The use of strip cropping or inter-planting has, in some crops, been shown to reduce pest densities and create a habitat that builds up populations of beneficial predators and parasites.



A number of sunflower date-of-planting studies have indicated the potential of planting date variation for reducing damage from the crop’s insect pests. For example, later planting dates have reduced sunflower stem weevil populations in plant stalks and thus subsequent lodging. Seed damage due to banded sunflower moth larval feeding also has been lessened when planting was delayed. Delayed planting will usually avoid the first (and major) emergence of the sunflower midge (although if conditions are favorable, later infestations can be severe as well). In the High Plains of Texas, sunflower planted early or late will avoid a bloom period in early July when the highest densities of sunflower moths occur. Finally, seed damage from the red sun-flower seed weevil has been lower when sunflower has been planted early.

The manipulation of planting dates is a technique requiring knowledge of the biology of the pest, since its effectiveness depends upon not having the preferred plant growth stage available when insect pest numbers are highest. Unfortunately, the life cycles of various sunflower insects are different; so a single planting date strategy will not work for all the pests that attack sunflower.

How can tillage impact some sunflower insects? In South Dakota studies, fall or spring plowing was shown to reduce adult emergence of the red sunflower seed weevil. In Texas, tillage increased the mortality of overwintering larvae of the long-horned sunflower stem girdler.

In both the Northern and Southern Great Plains, however, plowing sunflower stalks proved ineffective in reducing survival of the sunflower stem weevil. The stem weevil larvae are protected in the woody portions of the stalk not broken up by the plow. Adult emergence the following spring can be reduced, though, if the stalks are buried beneath the soil surface.

Recent studies in North Dakota and Minnesota have shown that trap cropping has promise in the management of the red sunflower seed weevil. The planting of an early flowering border of sunflower around a larger sunflower field serves as a trap for the adult red seed weevils, which are attracted to the trap rows and concentrate in the flowering heads.

These trap rows are then treated with a chemical which may effectively reduce weevil populations to the point where there’s no need to spray the entire field. The result would be a much lower cost of insecticidal control.

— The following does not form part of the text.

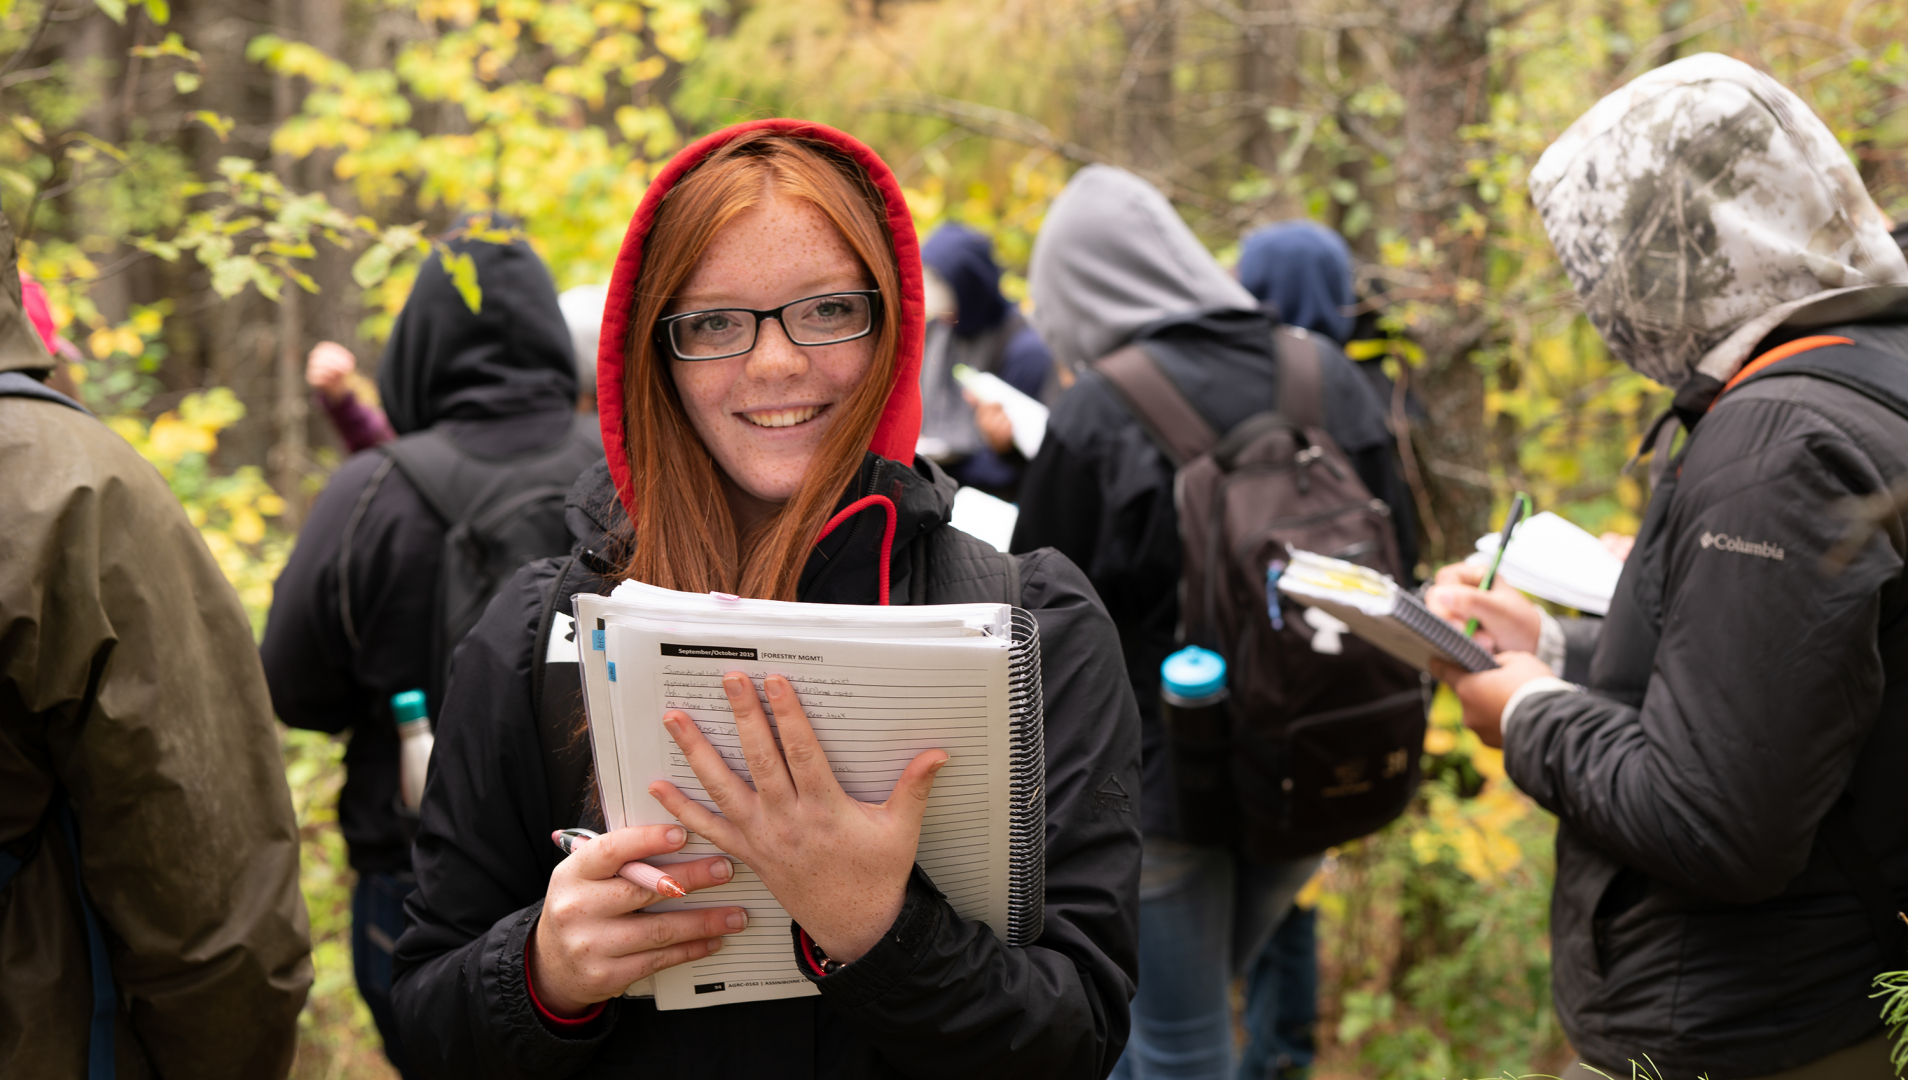 A student with long red hair and a red hood up on her head looks at the camera and holds a notebook. The student stands amongst trees and other students in the background.

Plant populations will affect both the sunflower stalk diameter and the percentage of plants lodged by the sunflower stem weevil. The larvae of this insect overwinter in the stalks by constructing chambers in the stem. These chambers weaken the plant; and, if weevil numbers are high, the plant can lodge prior to harvest.

Studies have shown that the density of plant stand has no effect on the numbers of weevil larvae within the stalks. However, as plant population is increased, individual stalk diameter is reduced and lodging increases. It’s important to maintain the structural integrity of the sunflower stalk by keeping its diameter large enough to withstand lodging. This can be achieved by reducing the plant stand. The result will be larger-diameter stalks, no change in insect levels within stalks — but decreased losses due to lodging.

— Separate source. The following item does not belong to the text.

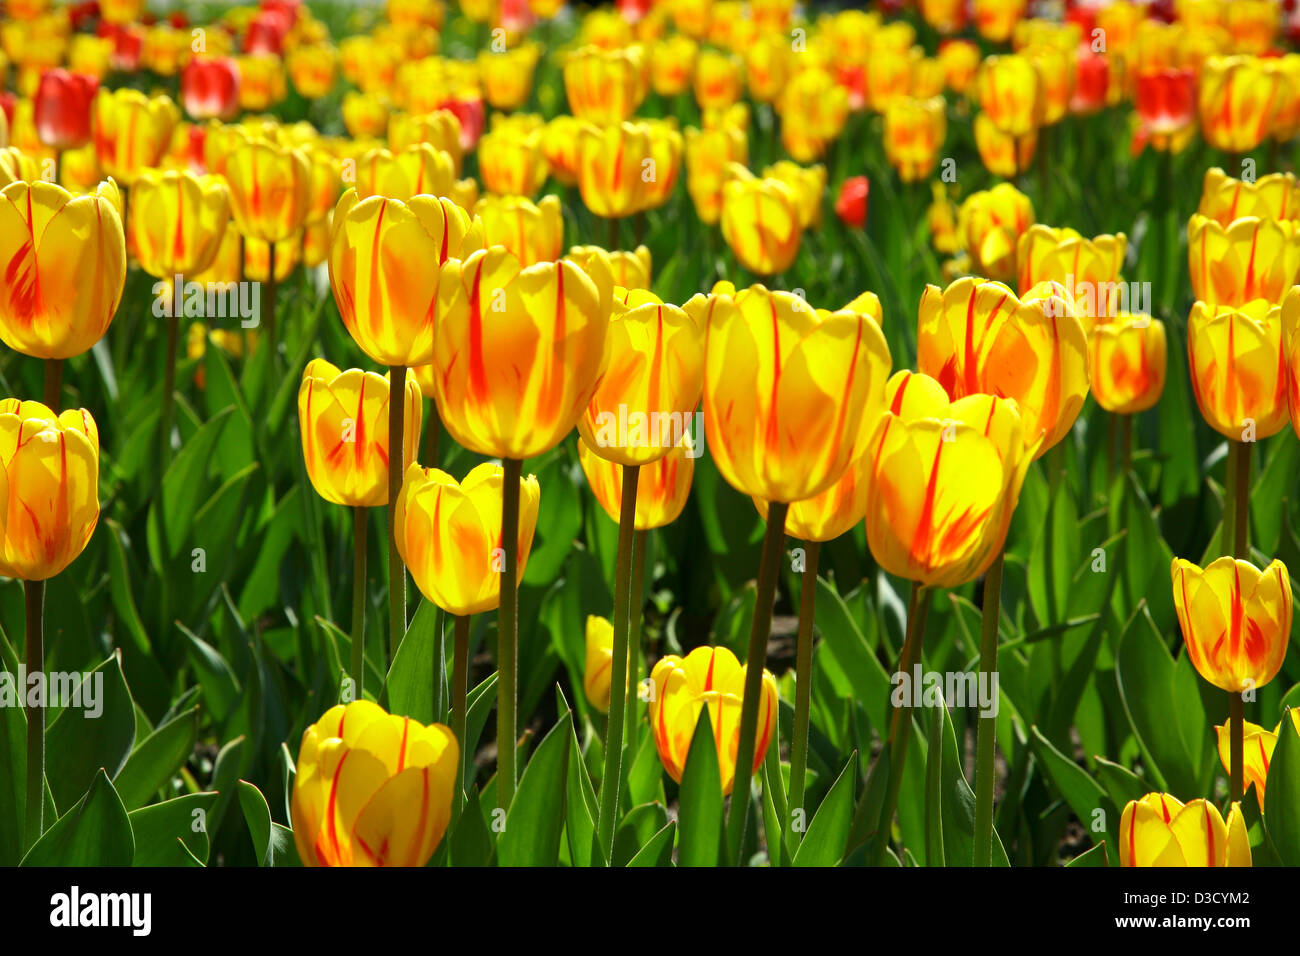 Field of yellow spring tulips in sunlight Stock Photo

The techniques used in cultural control basically consist of modifications in timing or in the manner of performing necessary functions in the production of the crop. Thorough biological research is required for such controls to work correctly. Also needed is an understanding of the basic life cycle of the pest and its interaction with crop growth and the environment.

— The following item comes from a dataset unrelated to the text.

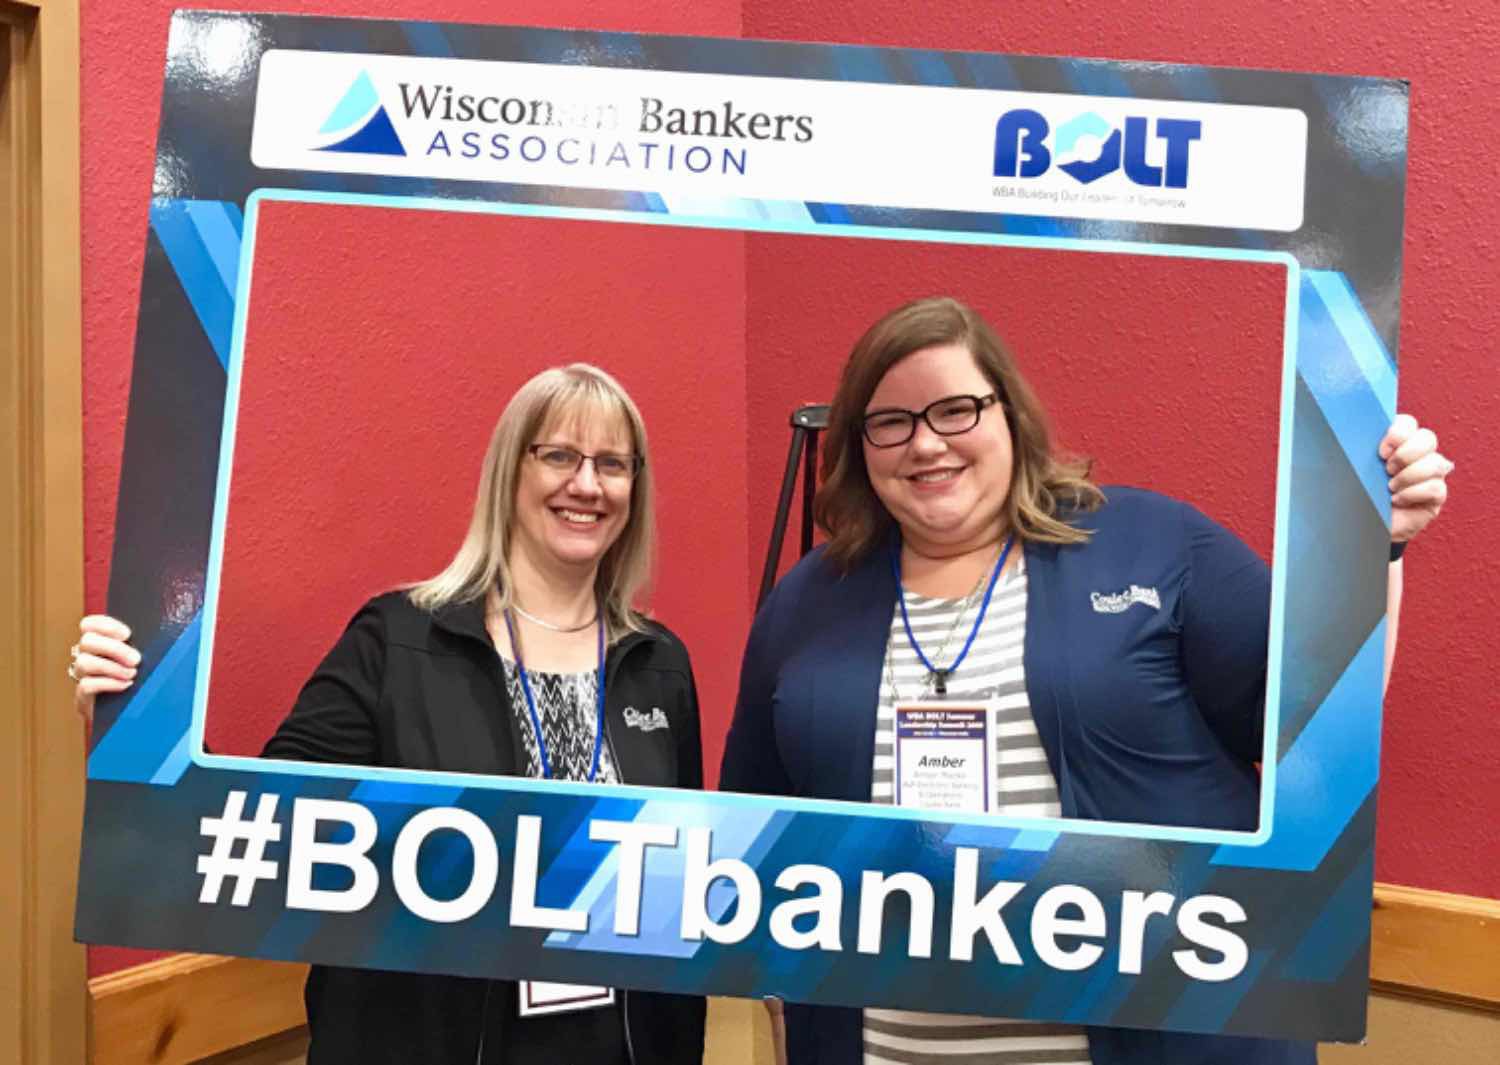 #BoltBankers

Sometimes the slight insect population reduction due to cultural practices will delay the rise of the pest to economic levels, thereby reducing or eliminating the need for more-costly management tactics (such as chemical applications). Using cultural controls may not always provide dramatic results — and it may require a combination of additional IPM practices if benefits are to be maximized. Nonetheless, cultural controls can be an important tool for protecting the crop and minimizing damage from insect pests.